Think about how to abstract the behaviour of things that can be represented as arrows and you'll get an idea of how it developed.

The benefits of doing this and having connections to linear algebra and matrices is that linear algebra is a well developed area with a lot of tools to decompose, transform, and analyze things that "behave like arrows".

The basic idea of linearity is expressed in two assumptions:

1) f(x+y) = f(x)+f(y) and
2) f(ax) = af(x)

This is the basic idea of linearity and the vector space axioms really formalize this core idea by introducing ten axioms that guarantee that they all behave like this (i.e. they act like "arrows").

Once things are shown to act like arrows and are able to converted to the constructs in Linear Algebra (like matrices, vectors, and so on) then you can look at things like decomposition.

Decomposition is just a way to take something and split it up and in the linear algebra framework, there are ways to to do this in many ways (i.e. by constructing bases) and by doing this, you can see how to take something and break it up in a way to get the right information you want depending on the problem and analysis you need.

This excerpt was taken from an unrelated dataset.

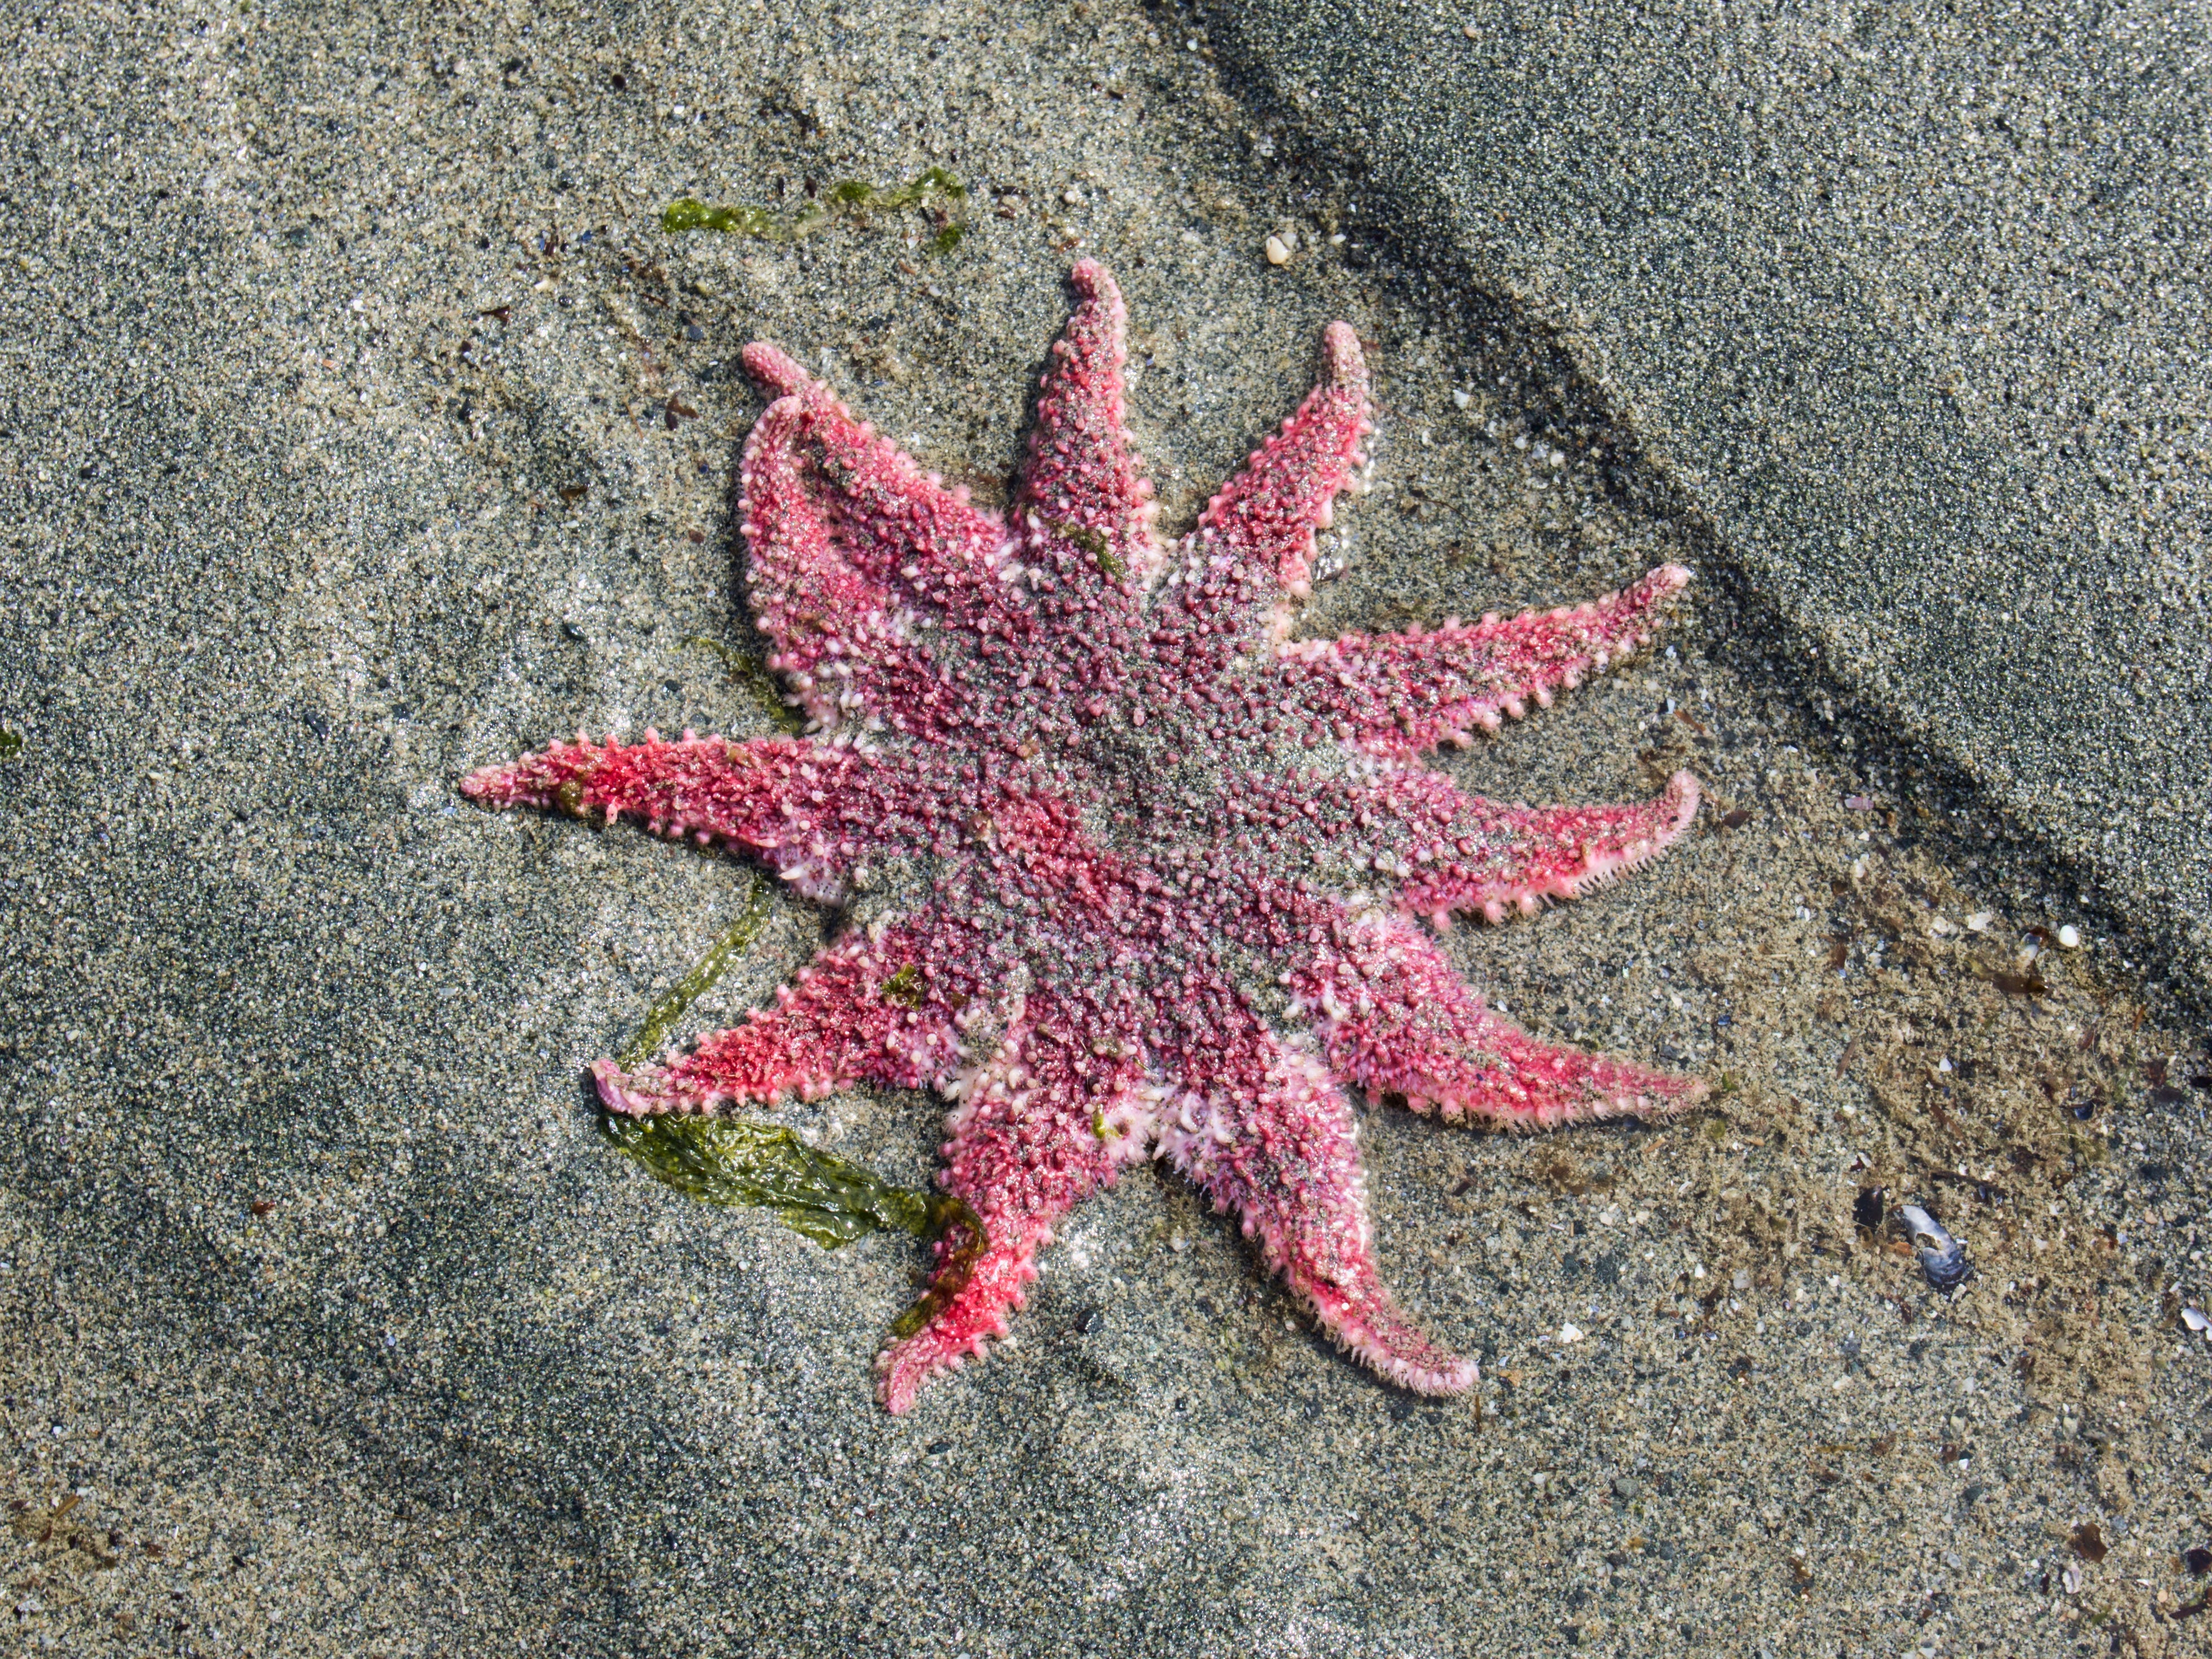 Sunflower Sea Star Seestern am südöstlichen Strand von Alaska bei Ebbe.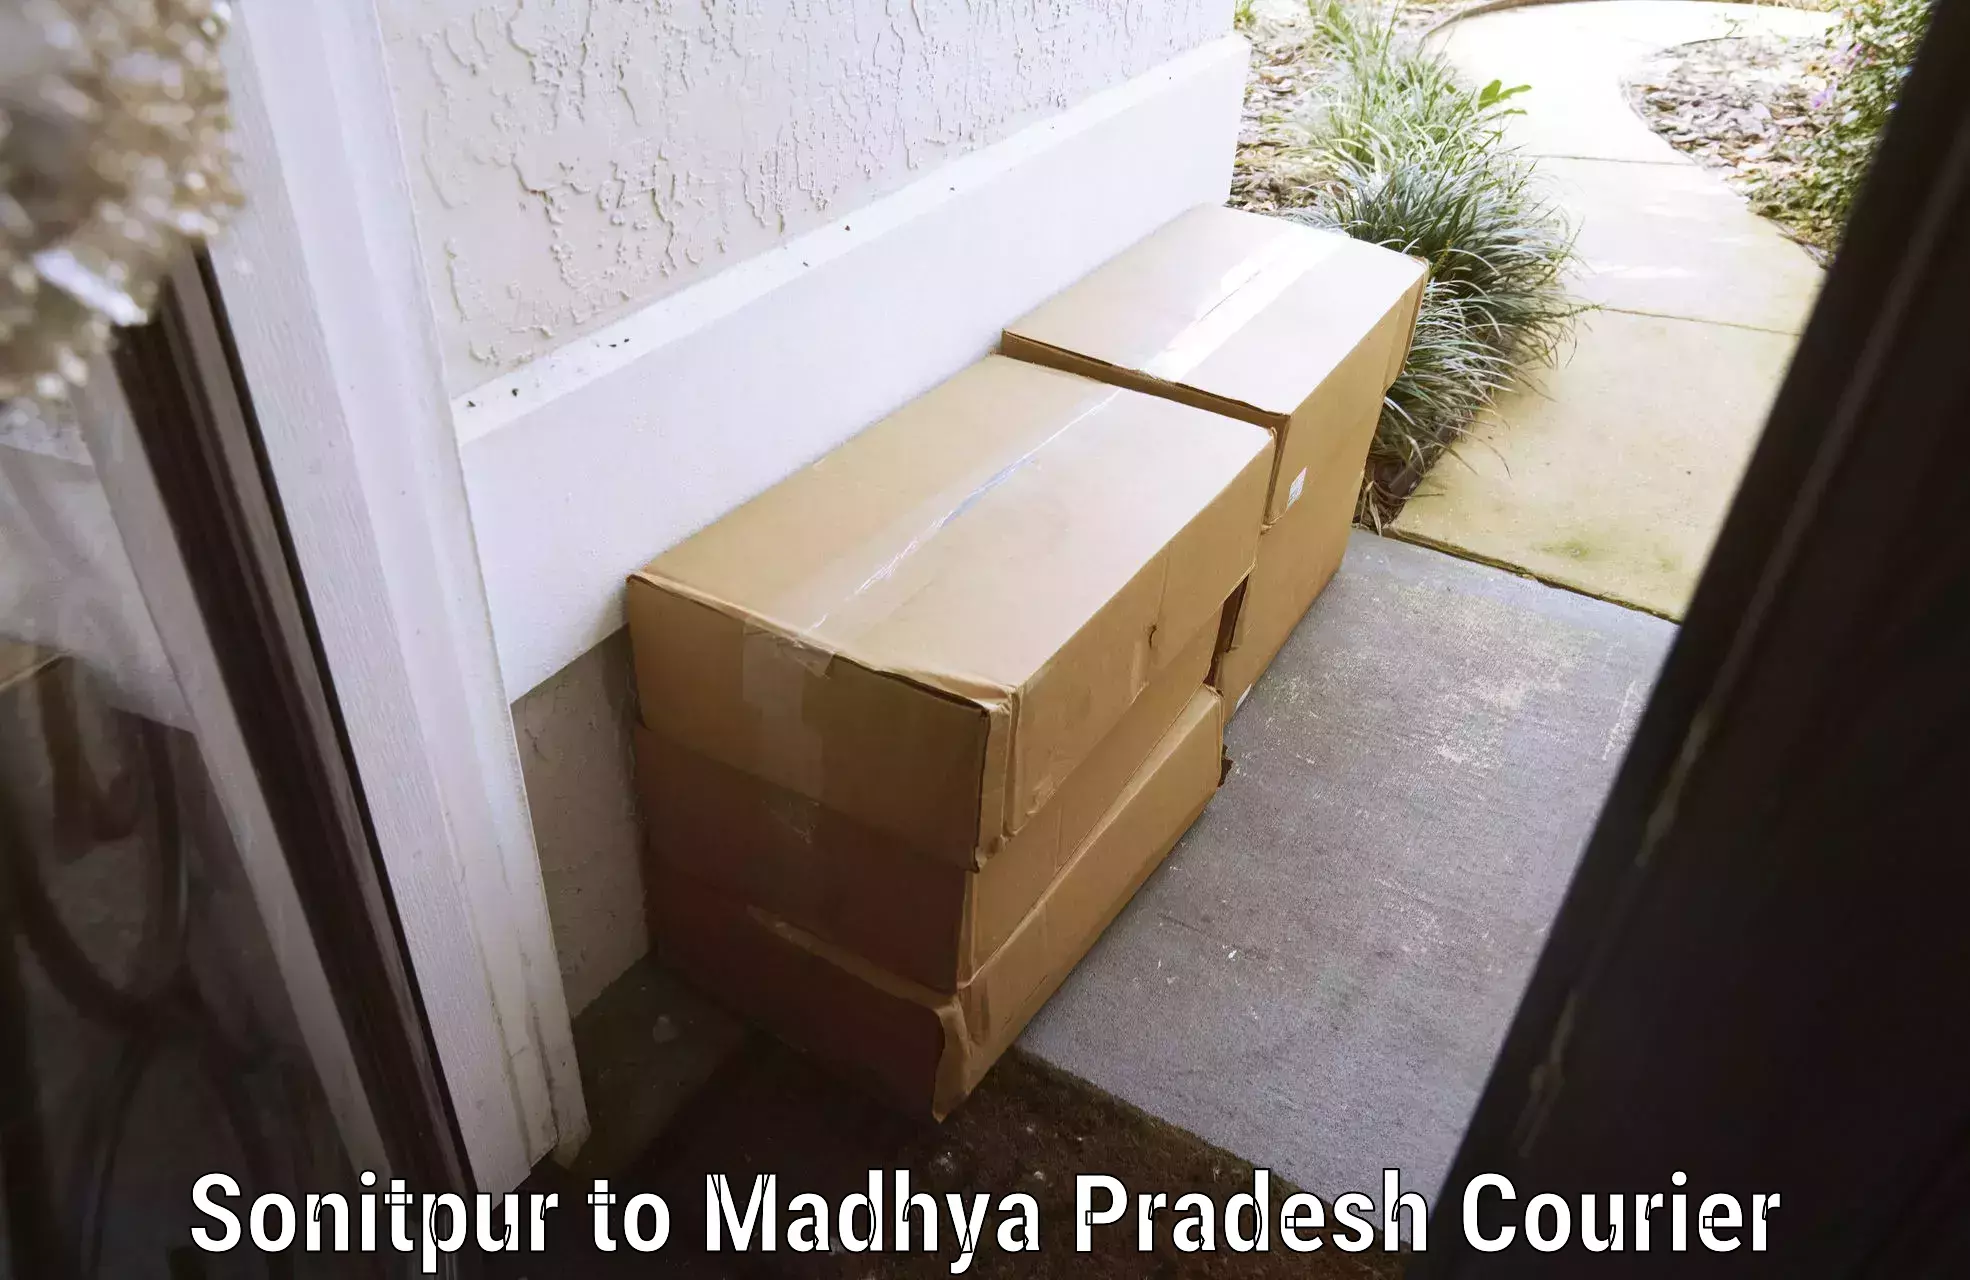 Baggage courier FAQs Sonitpur to Ghatiya

Now when you apply this to infinite-dimensional spaces, you get the framework of the Integral Transforms like the fourier decomposition, and other orthogonal decompositions and this is why for example the fourier decomposition (i.e. decomposing into sines and cosines) actually works.

The only difference with this in comparison to normal vectors is that the "arrows" in are broken down into "sub-arrows" which correspond to cosines and sines instead of i's, j's, and k's but the idea is exactly the same.

So we have gone from arrows to signal processing and the core idea hasn't changed at all.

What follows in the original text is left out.